During the auction, it is important to focus on your game plan early while not worrying about how the other owners are spending their money. I see a lot of fantasy owners get aggravated when one or more Fantasy owners hold onto their money. They are so concerned that these other owners who may overbid them on a key player that they end up altering their auction strategy. If you spend $185 on ten players and another owner has spent $40 on two players, he is eight players behind you. He will think he has all the power in the world with the big stack, but the truth is someone will always be bidding against him. Each of the other owners will also need players. The owners with loads of cash left will be competing with at least one owner most of the time for each player when he tries to fill his roster. This will force him to pay full price or a premium on many players even in the middle part of an auction.
When you sit down at the draft table to compete in the auction, your best opportunity for players could be the first couple of players called out. It is important to understand each player’s possible value while being ready to fire as soon as the auction starts. If you sit back and wait, you might miss on a discounted player or possible stud. I know $33 might not sound like a discount, but that same player might go for $38 if he was called out a round later.
Another common mistake is waiting for the best player left on the board. You will see this happen a lot late in auctions. No one wants to call out a player because they want him as cheap as possible. Four or five owners are sitting back just waiting for the right time to add this player to their team. When he’s called, all of their hearts are broken. This player usually cost the winning owner a few more dollars than expected. You can use this to your advantage at certain positions during the auction. If you like two or three guys about the same, say at second base, I will try to buy the first option of these players called out. By doing this, you avoid overpaying for the best “available option” left. Many times this happens to the last speed option or even a closer.

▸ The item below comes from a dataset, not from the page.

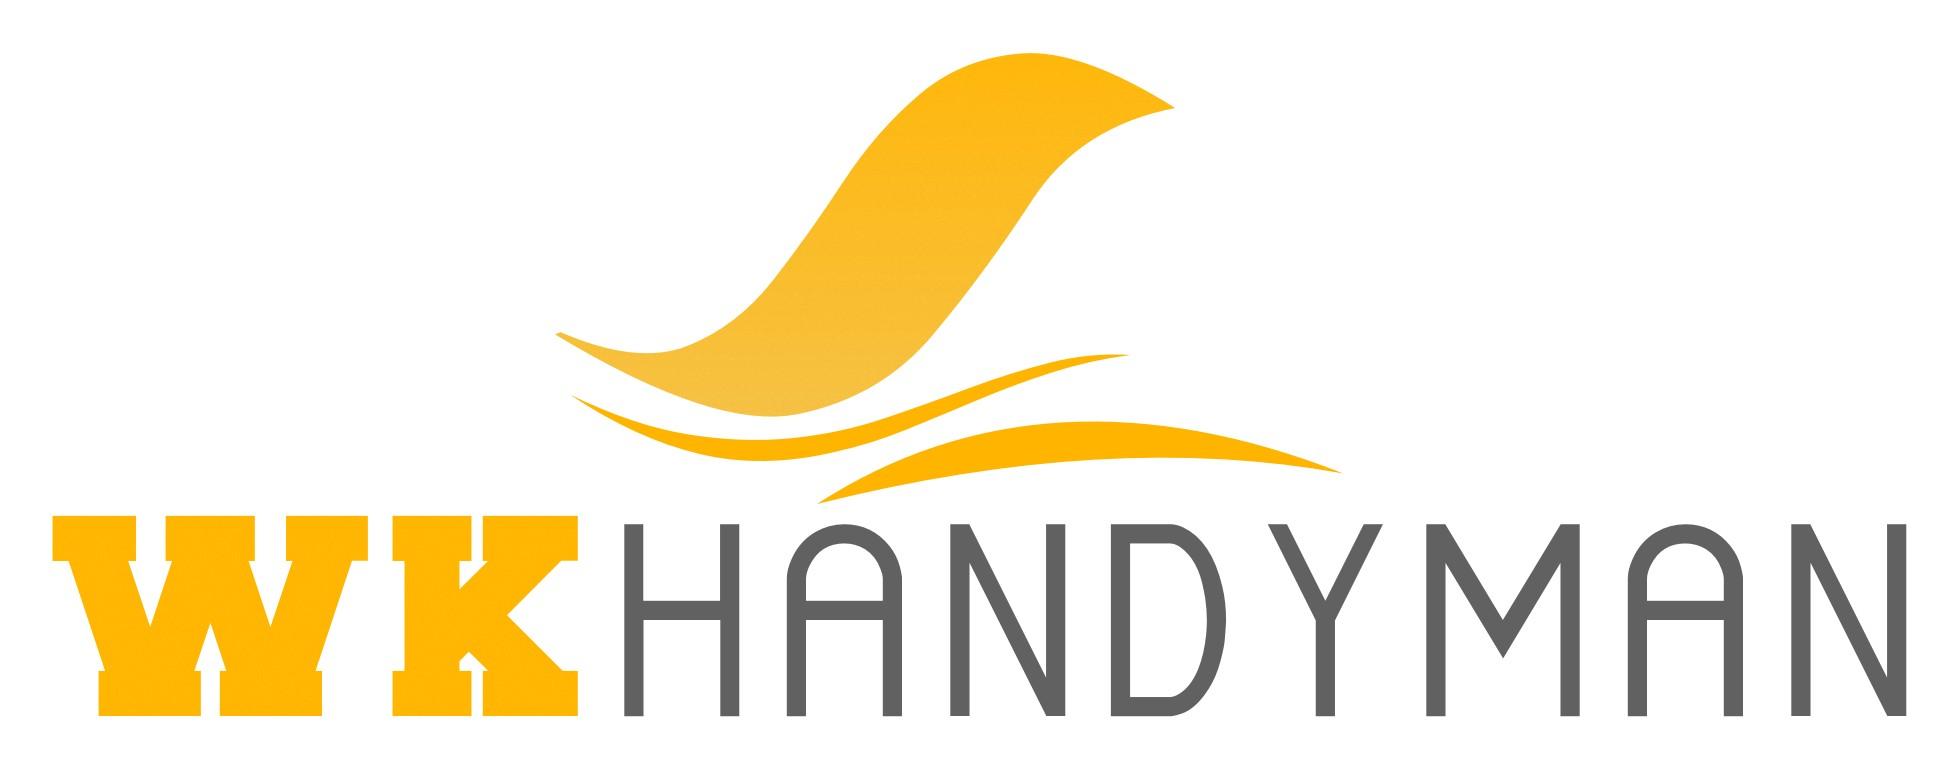 WK handyman logo1
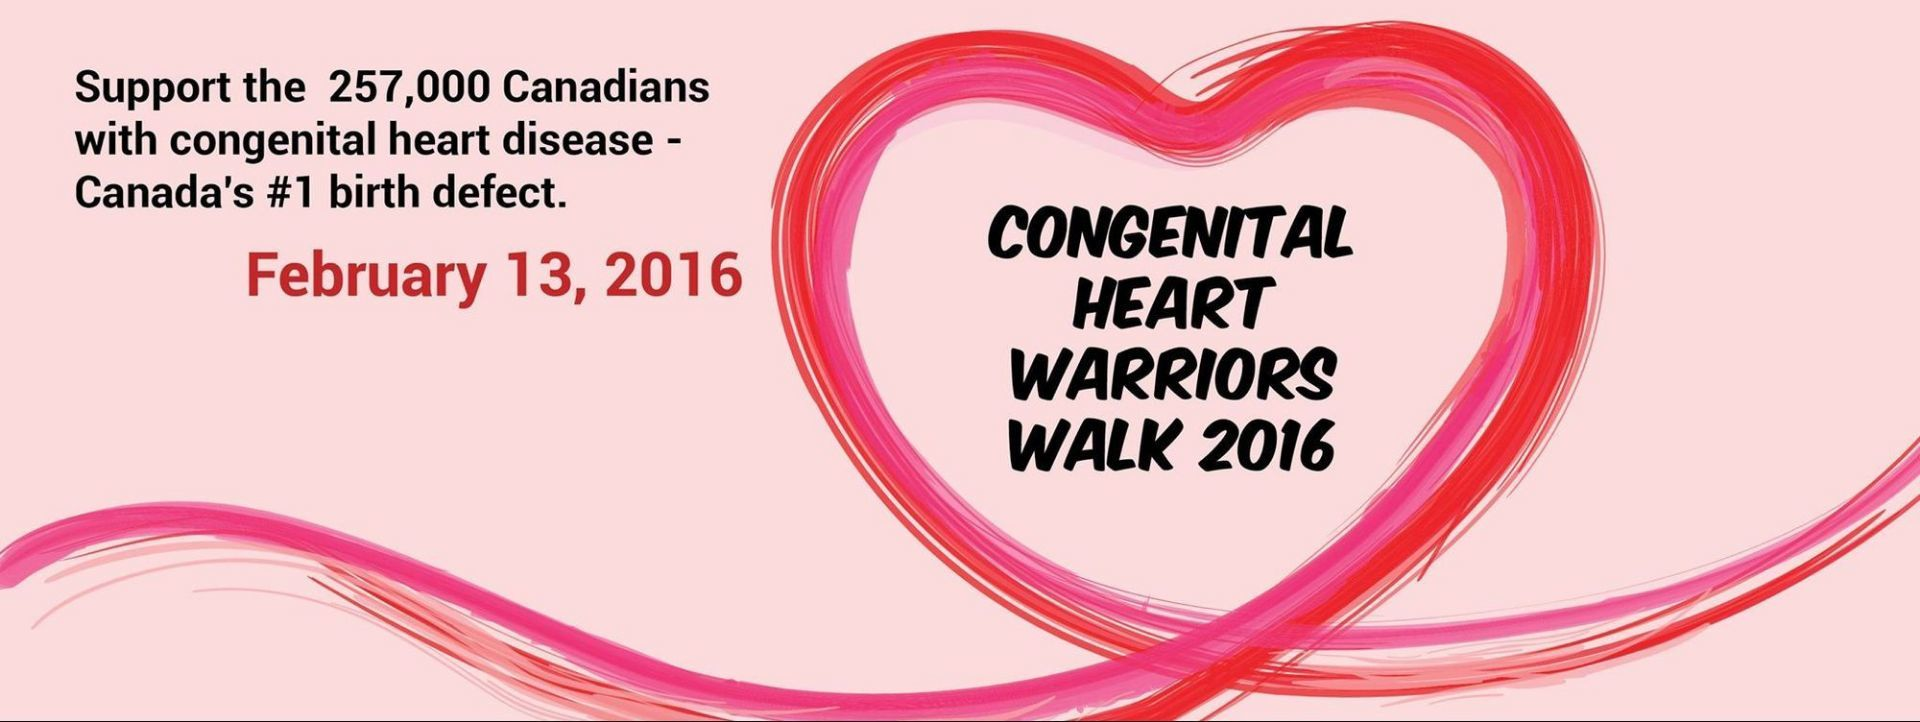 Congenital Heart Warriors Walk 2016

When the auction starts, I don’t care what money any other owner has until I get down to about $60. Each owner will need to spend at least $200 on the nucleus of their team. The other teams will catch up to you when they start filling roster spots. When you get down to $60, you need to put on the brakes and start looking for players who are bargains. The more disciplined you are, the better chance you will have of getting the players you want. If you can shut it down totally when you get to $35-$40, you will have the leverage in the end game. You will need almost every player to have less than $20 to hold any edge over them in the late game.
Winning an auction league is about game planning and executing that game plan. Every owner in the auction will know the players and come up with similar evaluations. When you try to execute your plan, there will be battles for key players. You will win some and lose some. You just hope you win the right ones. I would much rather lose with a team I like than lose with a team with players I didn’t want.